===== DATA FOR THIS EXERCISE

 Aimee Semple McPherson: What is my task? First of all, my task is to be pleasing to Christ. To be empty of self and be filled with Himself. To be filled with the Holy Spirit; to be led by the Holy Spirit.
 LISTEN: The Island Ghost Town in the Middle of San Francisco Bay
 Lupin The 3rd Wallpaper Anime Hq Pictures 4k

==========
===== DATA FOR THIS EXERCISE

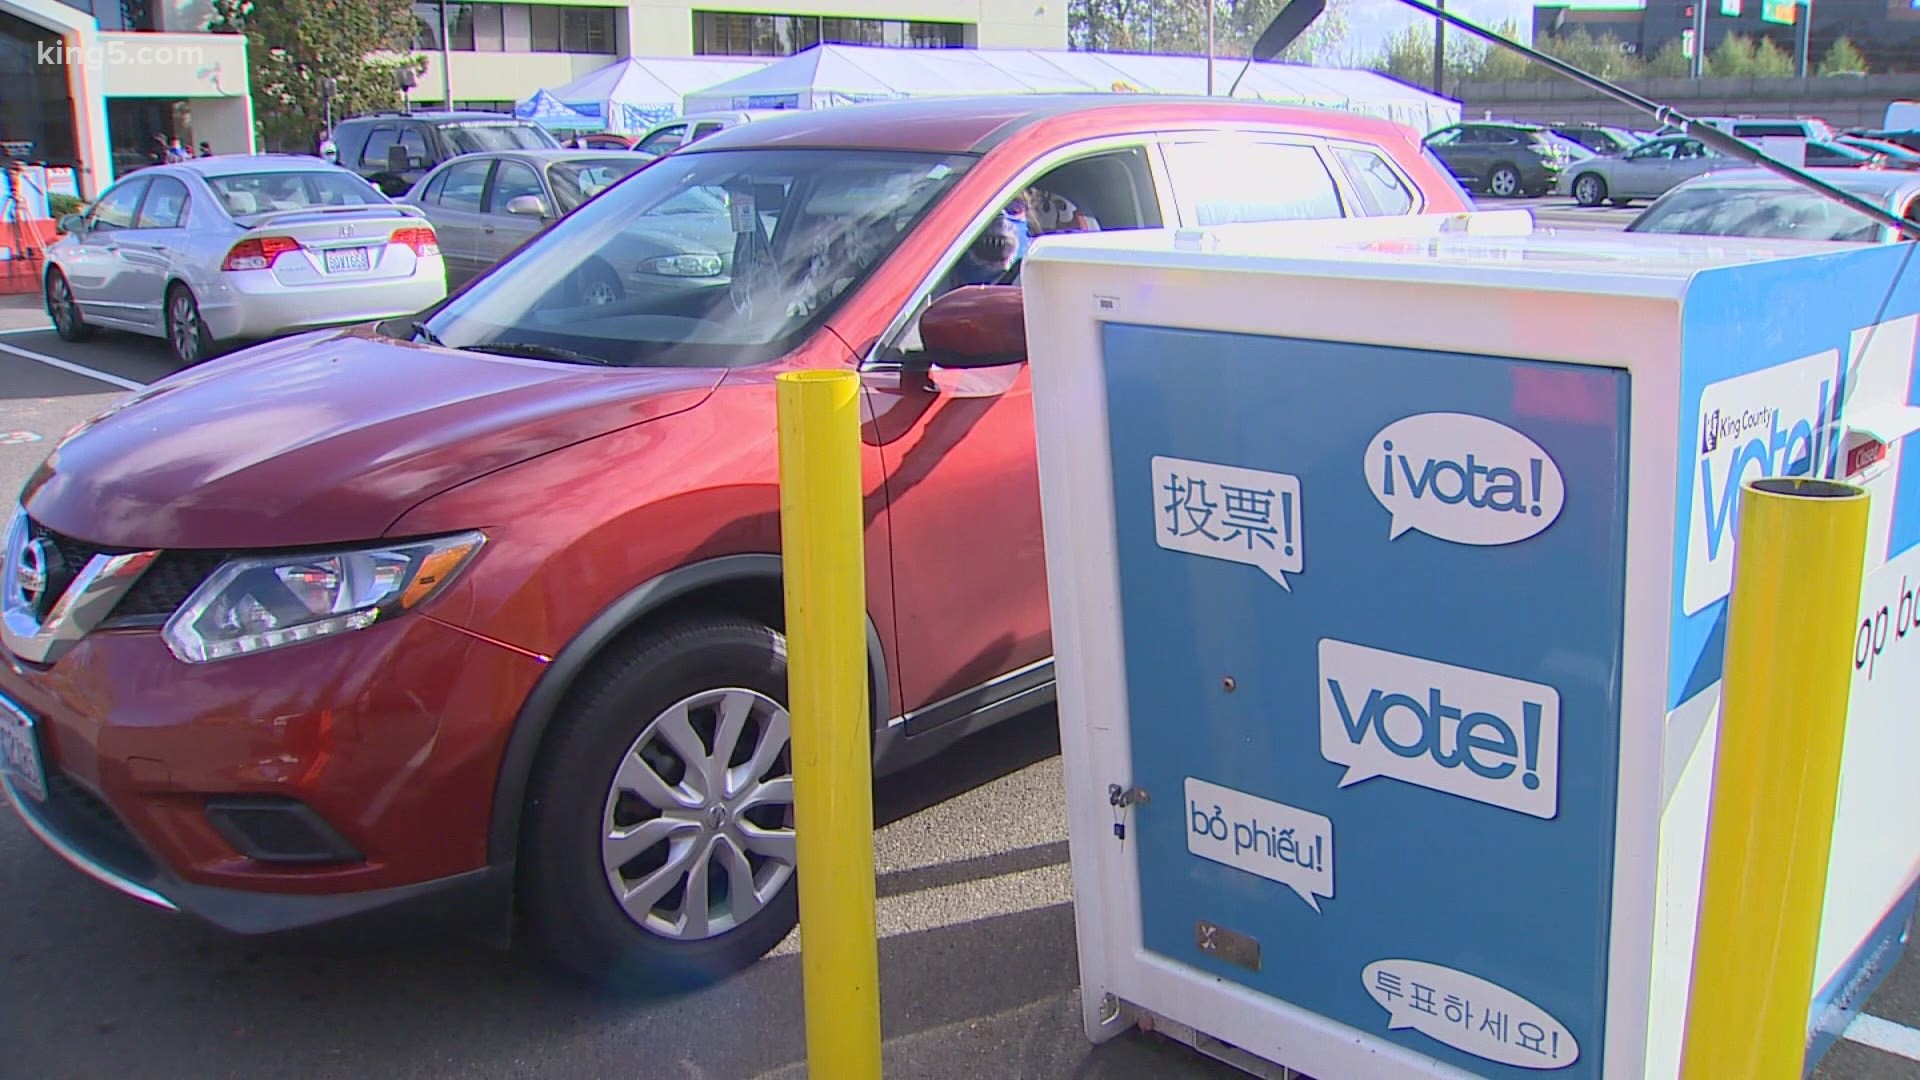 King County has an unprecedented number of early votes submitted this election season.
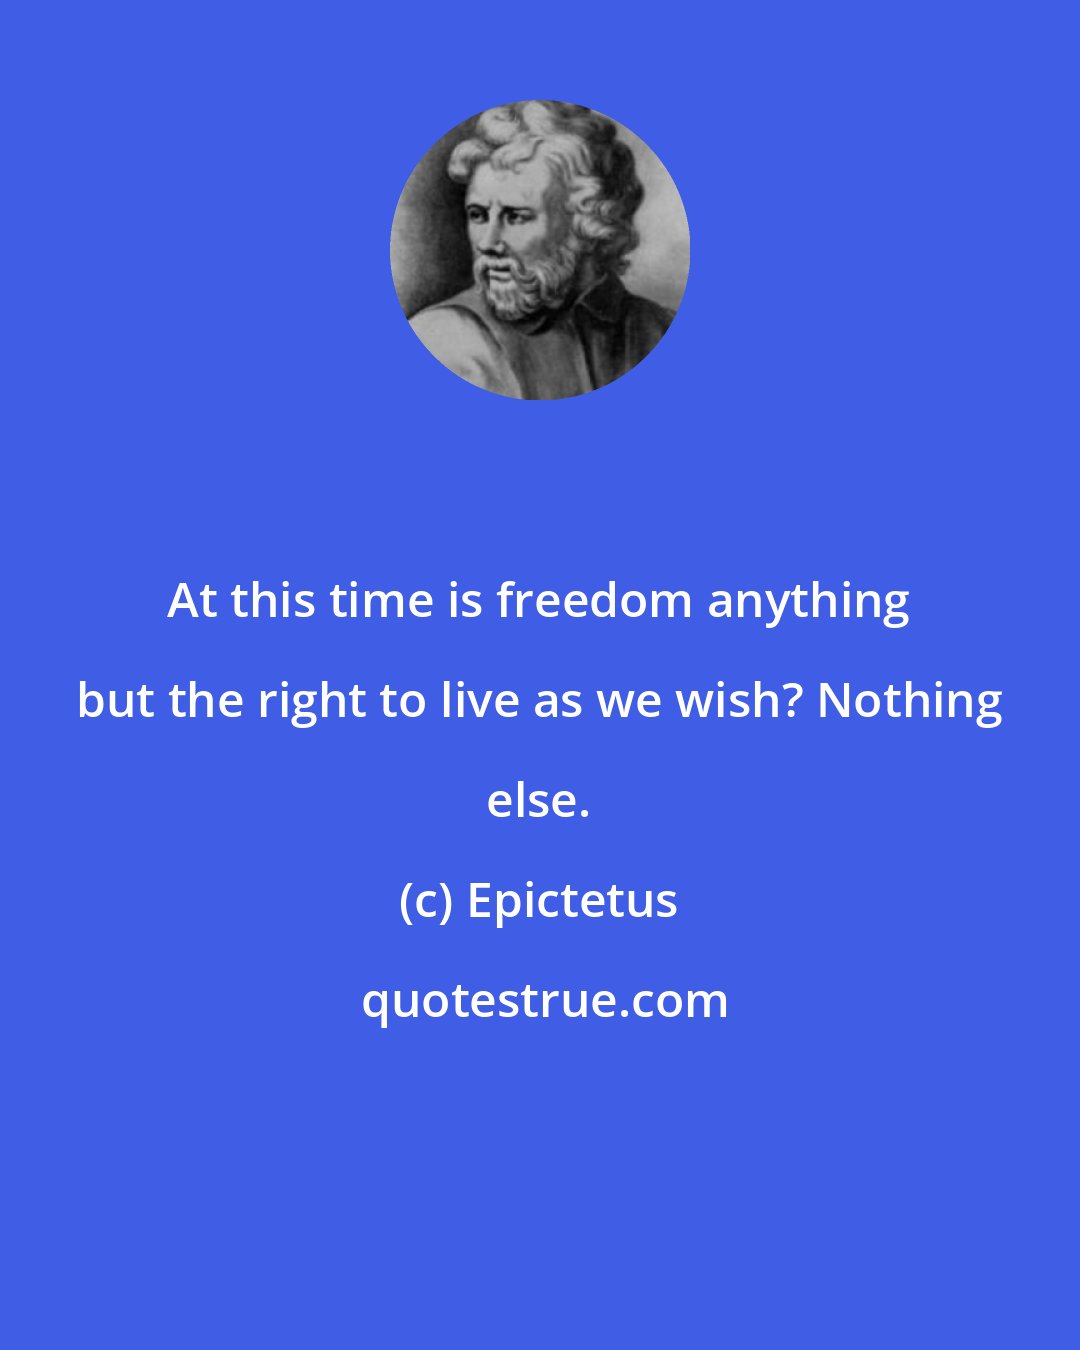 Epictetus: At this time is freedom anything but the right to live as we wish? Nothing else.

==========

■ **EXERCISE**
Reproduce the entries above exactly, but only the lines between the line holding "Aimee Semple McPherson: What" and the line holding "Lupin The 3rd Wallpaper Anime Hq Pictures 4k", inclusive.

■ **SOLUTION FOR THIS PROBLEM**
 Aimee Semple McPherson: What is my task? First of all, my task is to be pleasing to Christ. To be empty of self and be filled with Himself. To be filled with the Holy Spirit; to be led by the Holy Spirit.
 LISTEN: The Island Ghost Town in the Middle of San Francisco Bay
 Lupin The 3rd Wallpaper Anime Hq Pictures 4k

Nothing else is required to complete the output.